Il cronografo

Un secolo “lunghissimo”, il diciannovesimo, che dall’ascesa di Napoleone – sarebbe meglio dire dalla Rivoluzione francese – arriva a ridosso della Prima guerra mondiale, lasciando finalmente il passo al secolo “breve”, secondo la celebre definizione dello storico Hobsbawm.

 

Nel campo della gioielleria, tutto l’Ottocento è caratterizzato, più che da vere e proprie novità, dal continuo riproporsi e sovrapporsi di stili e tecniche del passato, seppure interpretati alla luce degli avvenimenti contemporanei.
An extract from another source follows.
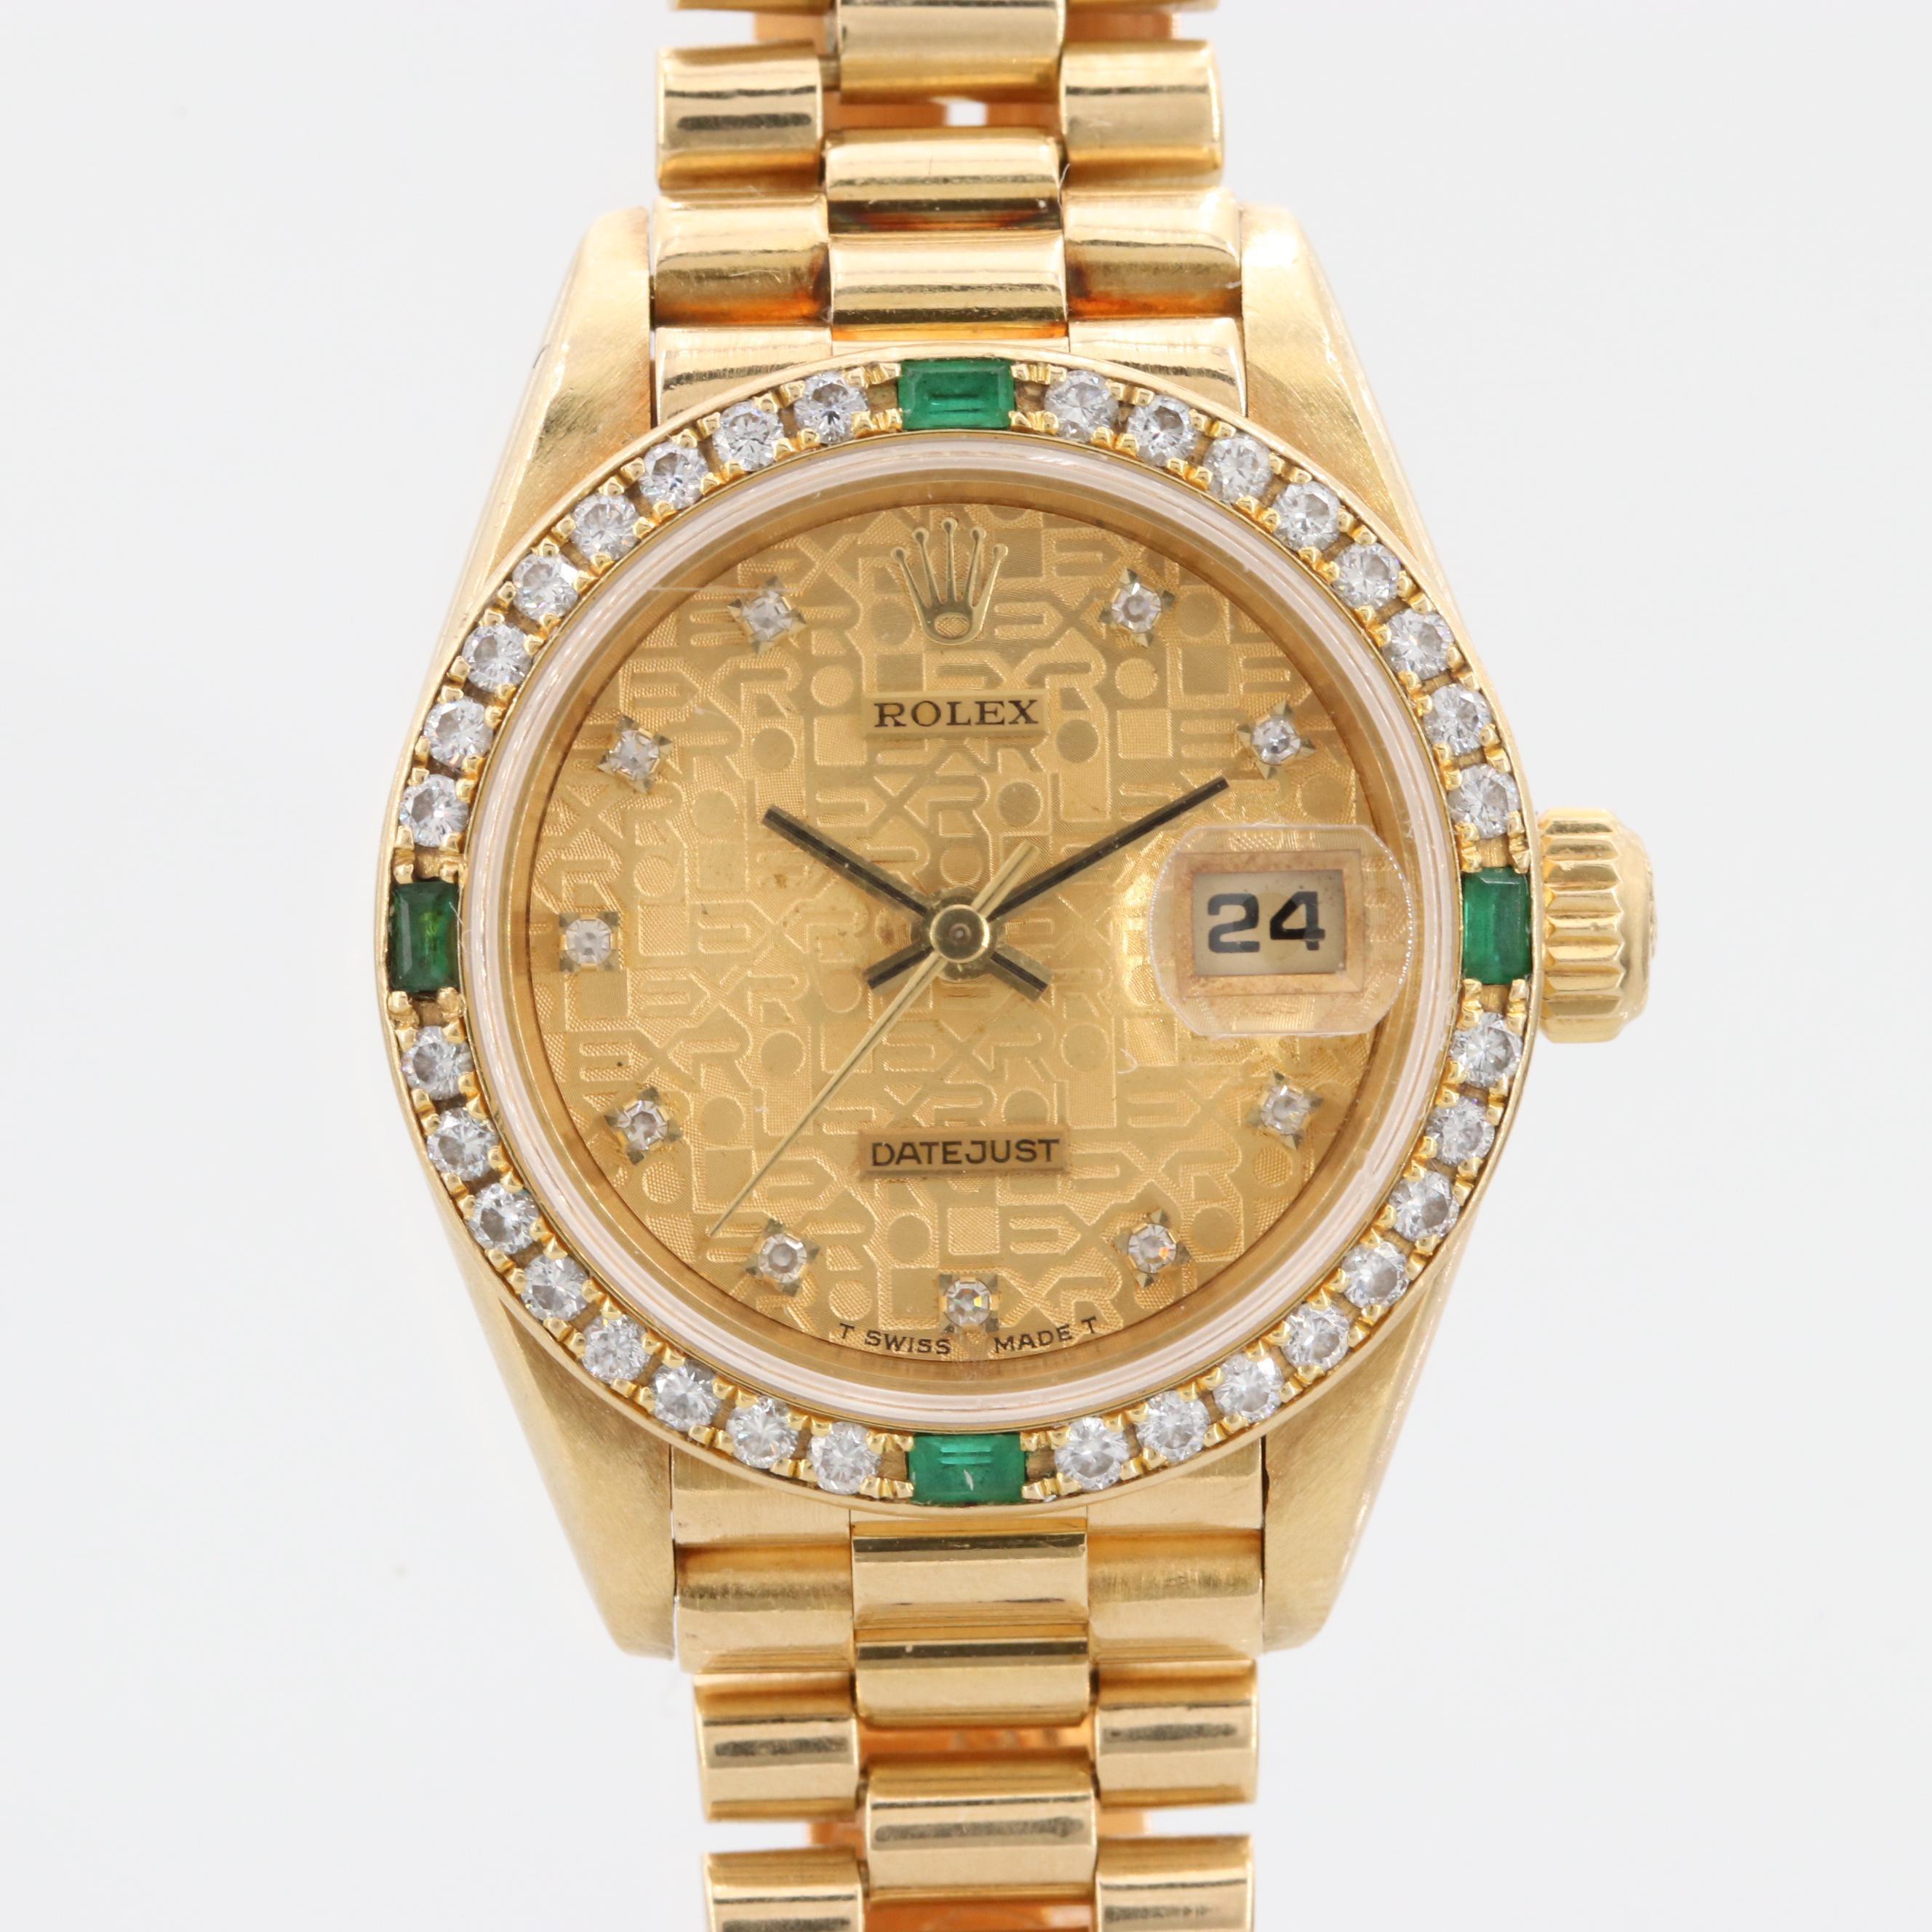 Rolex Datejust 18K Yellow Gold Diamond and Emerald Wristwatch, 1990

I gioielli praticamente scompaiono negli anni della Rivoluzione francese – anni in cui la prudenza suggerisce di occultare qualsiasi lusso e in cui si arriva a fabbricare piccole ghigliottine in argento o a cingersi il collo di nastrini rossi, nell’esaltazione delle teste mozzate – per ricomparire in tutto il loro splendore con l’avvento di Napoleone.
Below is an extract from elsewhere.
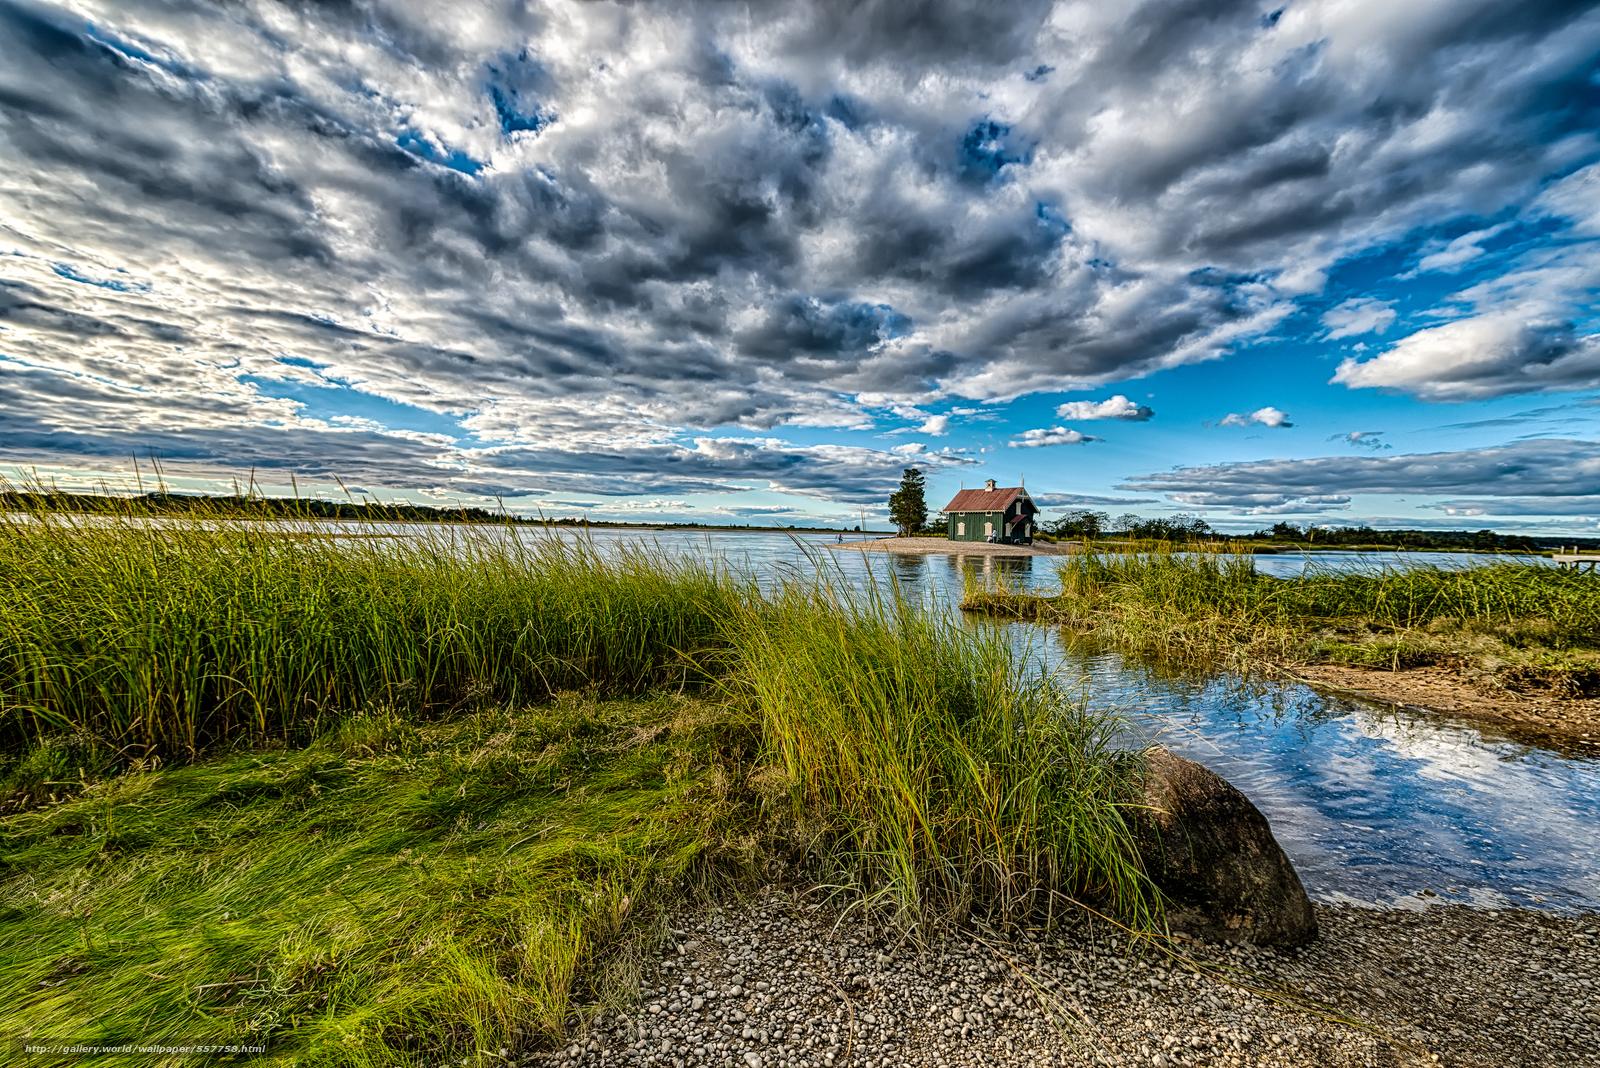 Download Hintergrund Stony Brook Harbor   Long Island New York 1600x1068

Il futuro imperatore di Francia ama il lusso e i gioielli, e non è certo da meno la moglie, Giuseppina Beauharnais, che detterà le leggi di una nuova, sfarzosa moda di corte. Napoleone si affretta a recuperare quanto resta dei gioielli della Corona, andati in parte distrutti e in parte trafugati durante la Rivoluzione, e li fa riadattare per la moglie da grandi gioiellieri come Nitot.
Nel ricordo e nell’emulazione della Roma imperiale, torna, rivisitata, la gioielleria romana, con splendide tiare di diamanti e pietre preziose, corone di alloro realizzate con foglie d’oro e diamanti, anelli e bracciali, questi ultimi spesso portati in coppia, uno per braccio.
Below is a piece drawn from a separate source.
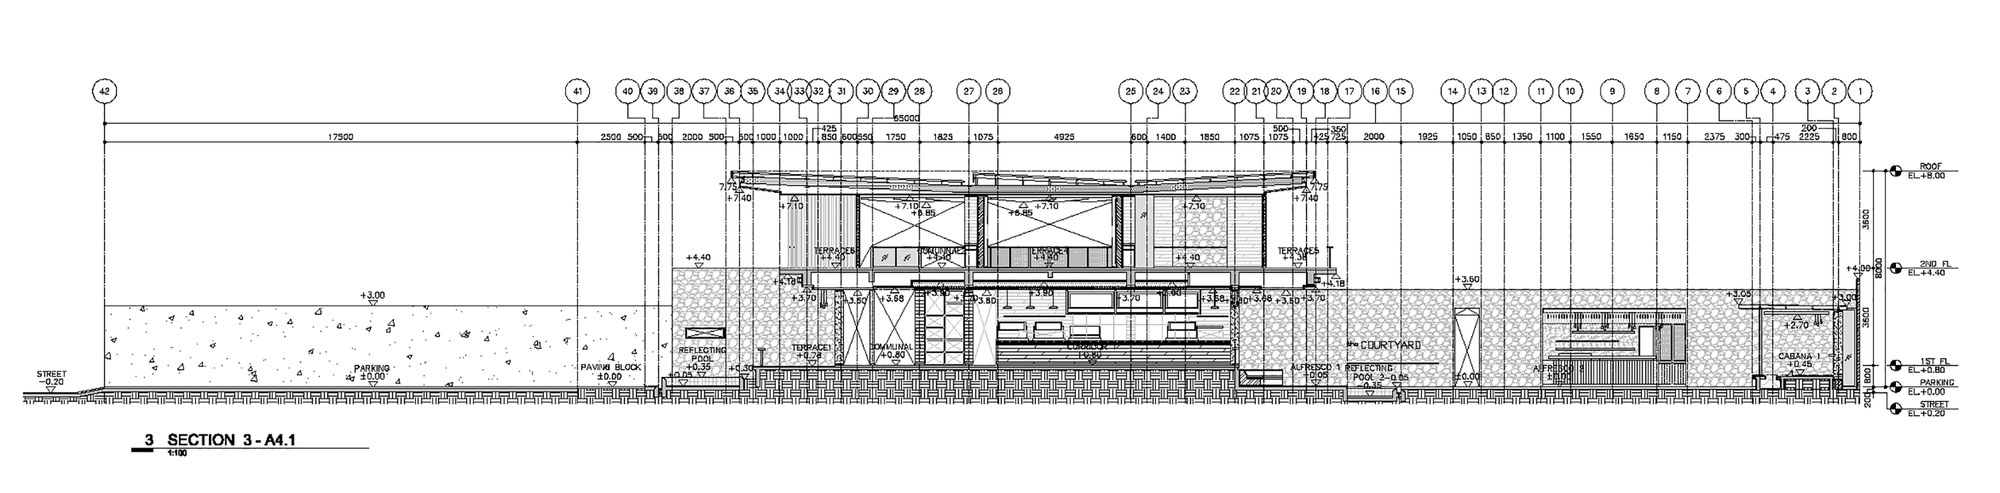 Stylish Tropical Paradise Theme of Lemongrass Restaurant Designed by Einstein & Associates-29

Alla cerimonia dell’incoronazione – immortalata nel celebre dipinto di Jacques-Louis David, oggi conservato al Louvre – si manifesta il nuovo stile imposto dai sovrani. Le tiare, tra i gioielli più in voga, si accompagnano spesso a parure, in uno splendore consono alla grandezza della corte francese.
Le campagne napoleoniche d’Italia e d’Egitto contribuiscono grandemente a riportare in auge gli echi della gioielleria romana, greca ed egizia, nell’ambito di quel generale ritorno alle epoche passate tipico di quel periodo. Ritroviamo questi echi nelle decorazioni a mosaico realizzate con piccole tessere in vetro colorato, perfette per comporre collane e bracciali, nelle gemme intagliate e nei cammei, molto amati da Napoleone, e nella gran quantità di gioielli in stile egizio che “invade” la corte.
A partire dal 1814, con la Restaurazione, la nobiltà torna al potere, ma impoverita. Per qualche anno, i diamanti e le gemme preziose saranno sostituiti da pietre di colore più economiche, come i topazi o le turchesi, e per identiche motivazioni tornerà di moda la filigrana, che permette di realizzare un certo numero di gioielli con una quantità di oro limitata. Del resto la filigrana, anche questa una ripresa dal passato, si inserisce perfettamente nel filone della gioielleria “archeologica”, che diventa di moda in seguito alle grandi scoperte avvenute in quel periodo – in primis Ercolano, Pompei e le tombe etrusche nel Lazio – e fa scoppiare una vera e propria mania per i gioielli realizzati secondo le tecniche e i motivi delle antiche civiltà.
In Italia, il gioielliere romano Fortunato Pio Castellani riesce a produrre gioielli praticamente identici agli originali romani, greci ed etruschi, utilizzando le medesime antiche tecniche della filigrana, della granulazione, del micromosaico, della glittica: una produzione che sarà portata avanti dai figli ed “esportata” anche a Parigi, dove Alessandro Castellani aprirà con successo una bottega. Il gioiello di antica memoria gode di immensa fortuna anche a Londra, grazie alle splendide creazioni in stile neo-rinascimentale dell’orafo napoletano Carlo Giuliano.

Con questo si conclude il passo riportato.